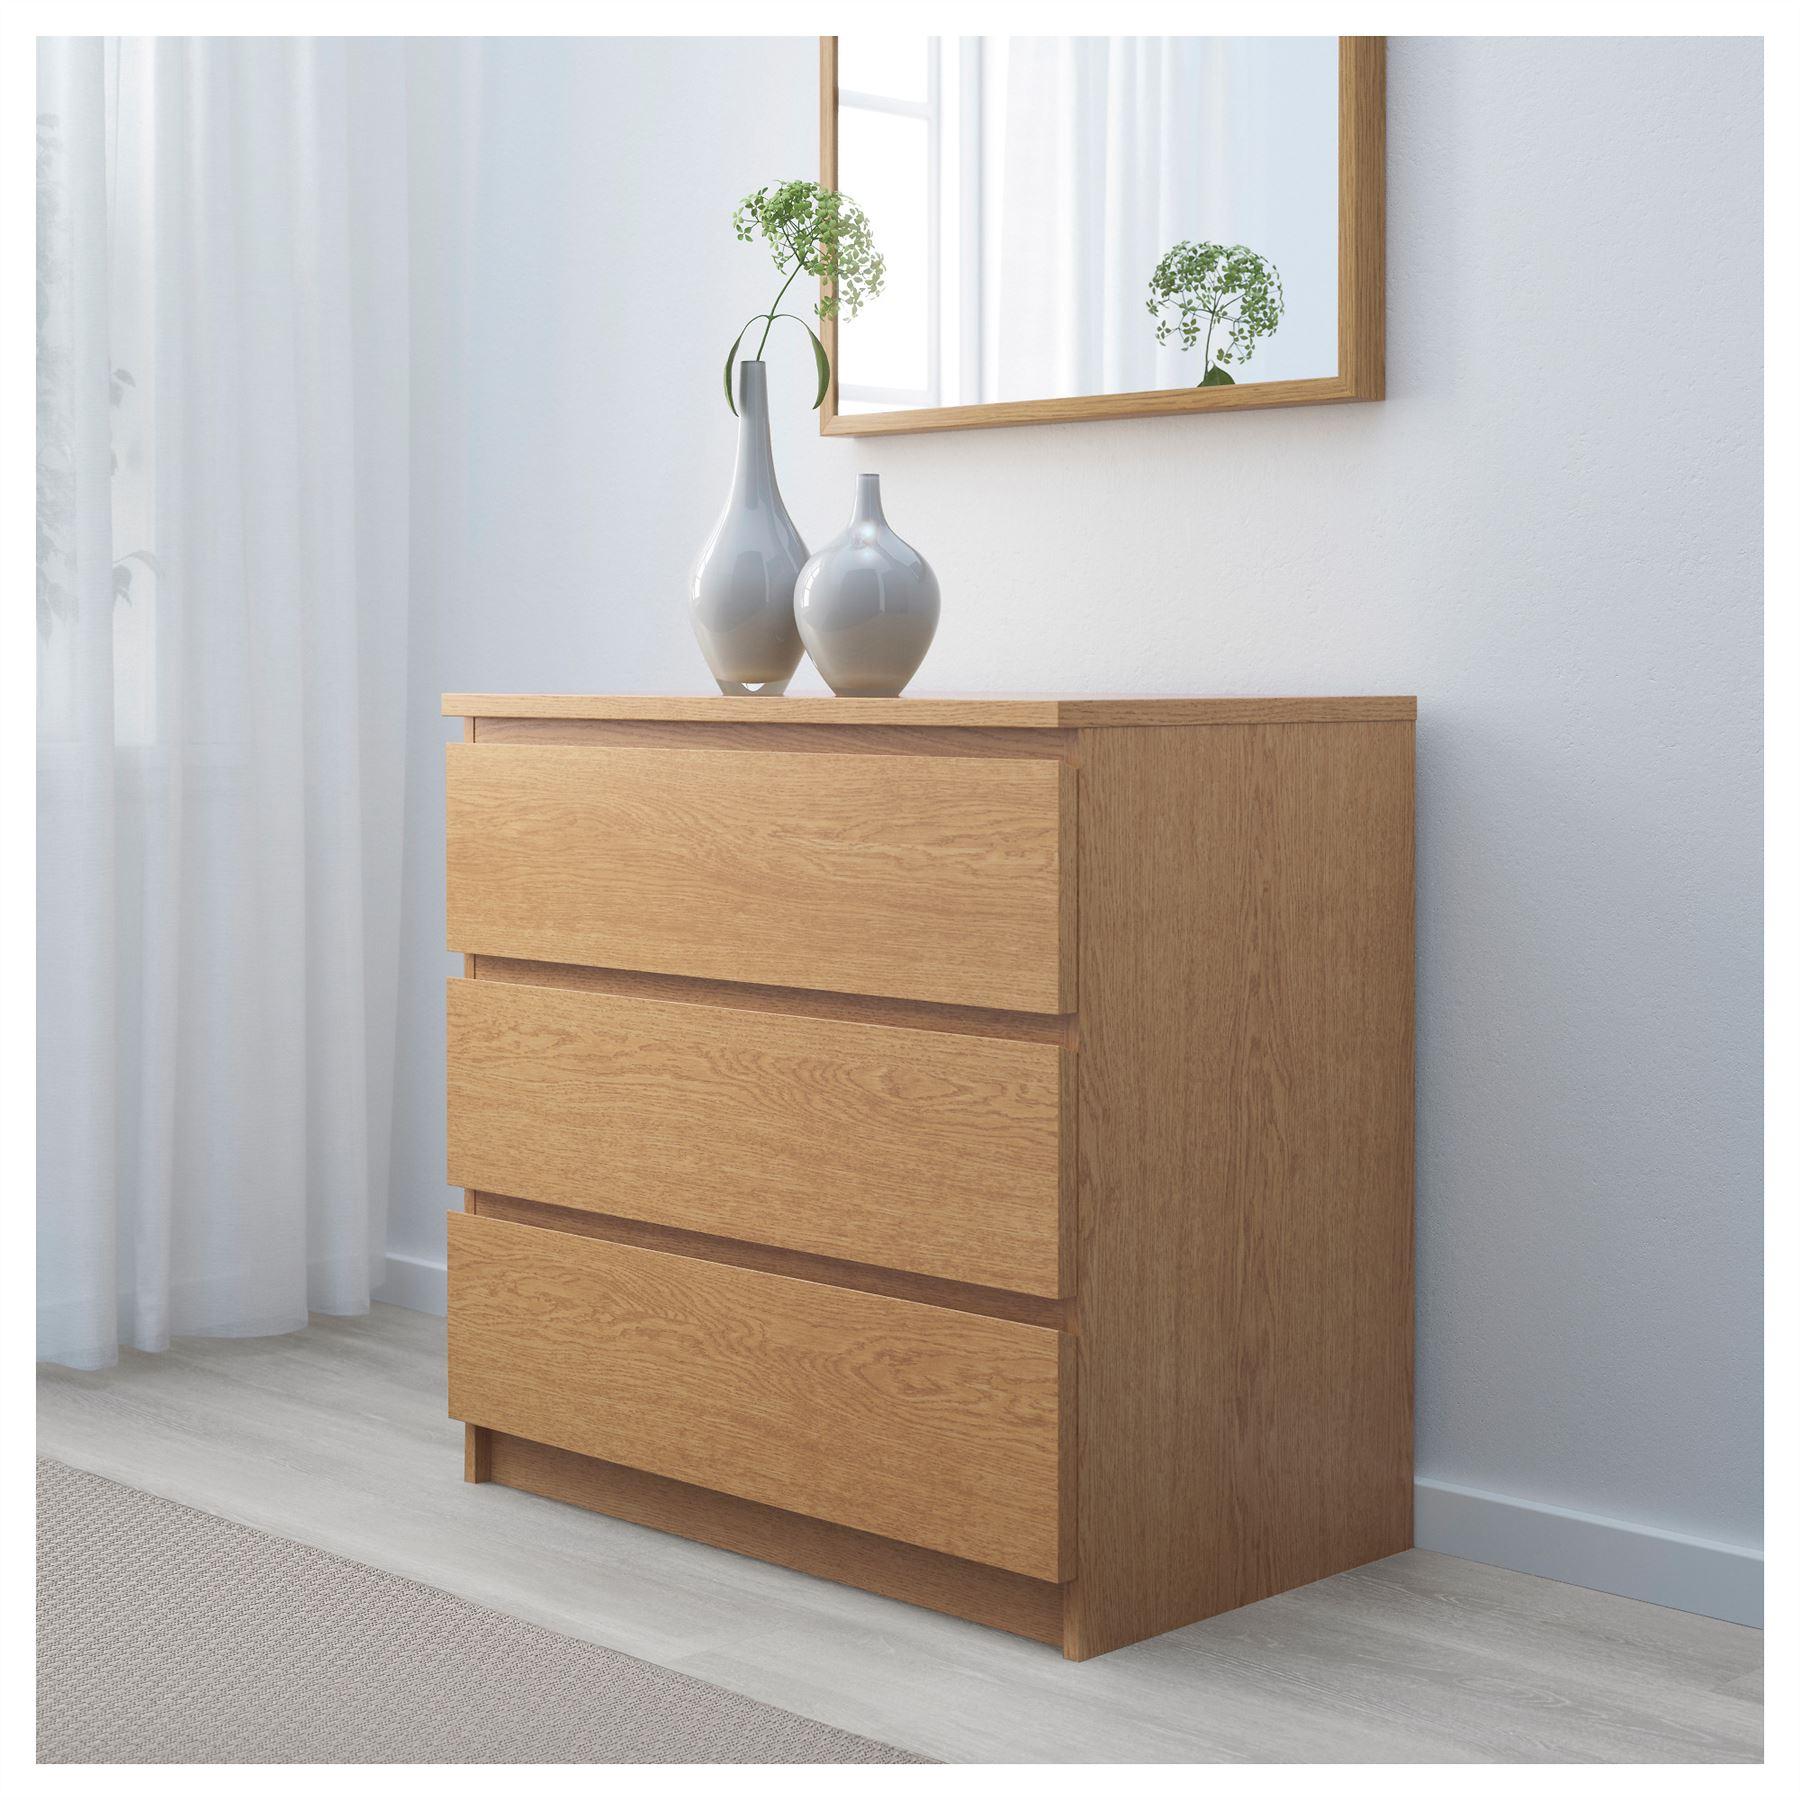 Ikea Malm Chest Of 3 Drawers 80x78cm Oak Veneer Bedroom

· · · ·

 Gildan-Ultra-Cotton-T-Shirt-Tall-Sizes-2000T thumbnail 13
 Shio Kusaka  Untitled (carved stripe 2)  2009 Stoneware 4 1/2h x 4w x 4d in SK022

· · · ·

**Activity:**
Output should match, line for line, the stretch of the material above from the line holding "Gildan-Ultra-Cotton-T-Shirt-Tall-Sizes-2000T thumbnail 13" through the line holding "4d in SK022".

**Reply:**
 Gildan-Ultra-Cotton-T-Shirt-Tall-Sizes-2000T thumbnail 13
 Shio Kusaka  Untitled (carved stripe 2)  2009 Stoneware 4 1/2h x 4w x 4d in SK022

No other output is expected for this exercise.